As you complete your first three weeks of breeding, it is essential to identify those cows which have not been bred. These should be presented for veterinary attention as there is a €250 reward for every breeding opportunity accurately detected. The same rule applies when using a stock bull. One in 10 stock bulls will be either subfertile or infertile. Have you had your stock bull fertility tested? It is also essential that you can identify problem cows using tail paint, which is topped up at least twice a week.

There is a temptation to 'blindly' administrator prostaglandins to those cows not detected in heat. This will only work if cows are reproductively sound and in the middle of their cycle.

Some cows may respond to prostaglandins but the heats will be infertile as there is a uterine infection preventing the normal expression of heat.

The sensible approach is to seek veterinary attention bearing in mind the costs associated with failure to successfully breed the cow at the right time.

When stock bulls are run with the herd, there is a significantly greater risk that cows with reproductive problems will not be identified. Stock bulls will address poor heat detection if the cows are fit and cycling. As stressors in the herd increase, reproductive dysfunction increases with poorer manifestation of heats. It is important to have sufficient bull power when using stock bulls. You need one fit bull for every 40 eligible cows.

It makes economic sense to scan your herd, when running stock bulls six weeks into the breeding programme. This will enable veterinary attention for cows with reproductive problems. This will account for 10-15pc of your cows with a minimum opportunity cost of €5,000 for reproductive failure in a 100 cow dairy herd.

Economic benefits

There are also the economic benefits from assessing bull fertility based on early pregnancy diagnosis for the first three weeks of the breeding season for those cows eligible to establish pregnancy.

Early embryonic death can also be accurately identified from in-depth diagnostic scanning. Early embryo death between 20 and 34 days after breeding will prevent cows returning to heat for periods up to nine weeks after breeding.

The inclement weather experienced during the first two weeks of May has really reduced the expression of heats.

ScanMan Vet technology has identified many cows not visually detected in heat - where tail paint or scratch cards were used as aids - as having undergone 'silent heats'.

This technology can accurately identify to within one day when cows were in heat between day 1 and day 6 of their cycle. It can also predict to within one day cows coming into heat over the next three days after scanning.
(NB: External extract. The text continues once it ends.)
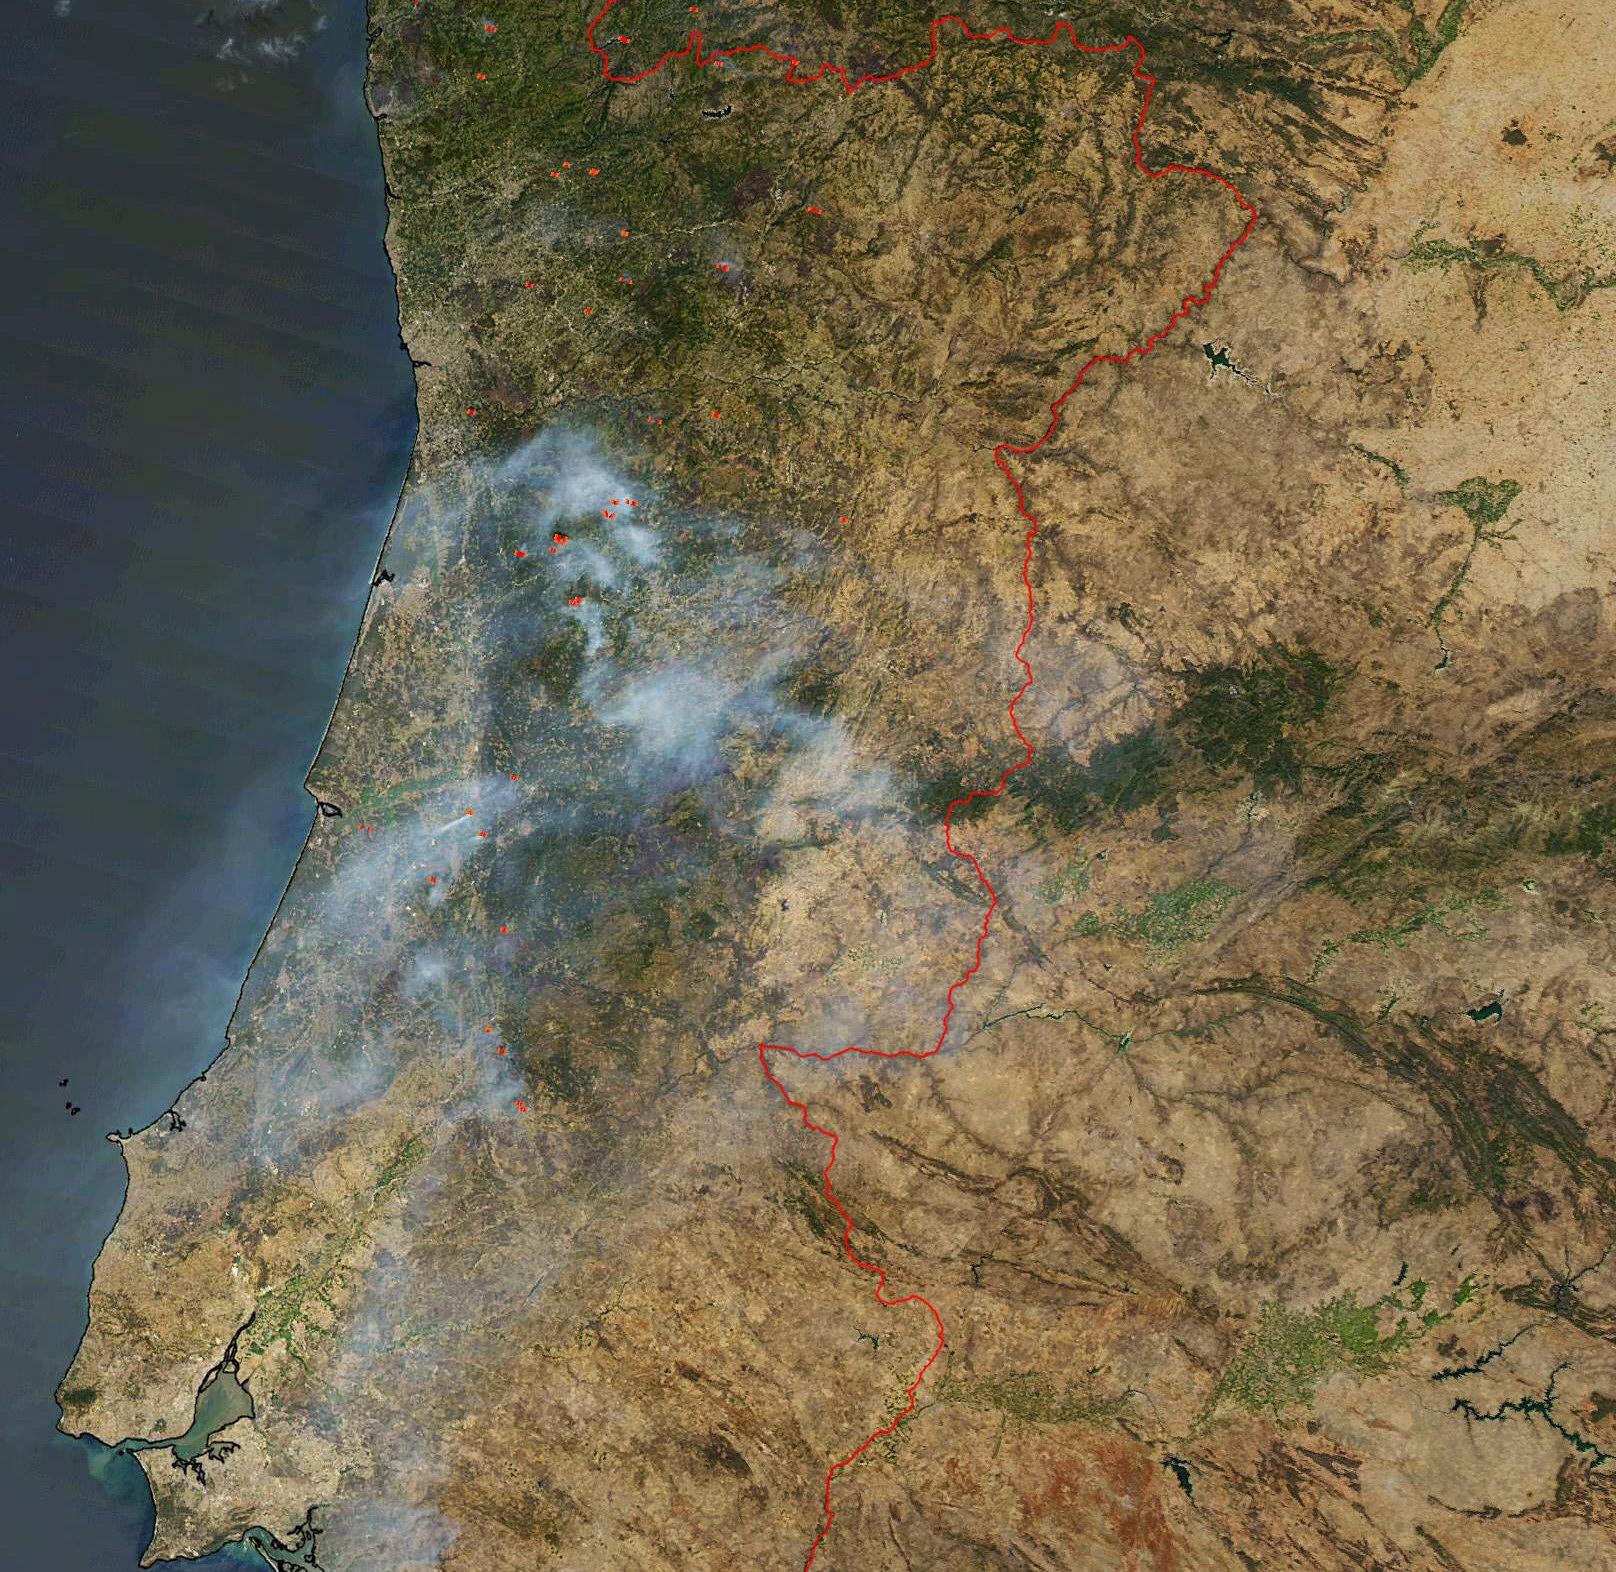 DLR DLRSchoolLab Infrared - Portugal map satellite

As the stress load on the herd increases - associated with a combination of either poor grazing conditions, dietary imbalance for minerals, energy requirements, lameness or mastitis - the expression, intensity and duration of heats decreases.

You cannot afford to miss heats in a year when profit margins from milk production are tight.
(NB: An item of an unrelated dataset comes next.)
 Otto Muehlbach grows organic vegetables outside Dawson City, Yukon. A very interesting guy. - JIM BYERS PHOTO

You need to continuously bear in mind the opportunity cost of €250 per missed heat in grass-based spring milk production systems.

Dr Stephen Butler in Moorepark has conducted excellent research work associated with synchronisation of heats.

This technology will deliver significant financial gains where heat detection is poor on a farm.

Despite the targeted 90pc submission rates, the reality is that averages are closer to 70pc on more than 70pc of farms analysed from our database.

Heat detection in maiden heifers is primarily concerned with having heifers achieve targeted weights at the onset of the breeding season.

Previous events such as calf scour and pneumonia will delay the onset of puberty independent of bodyweight when heifers are 14 to 16 months of age.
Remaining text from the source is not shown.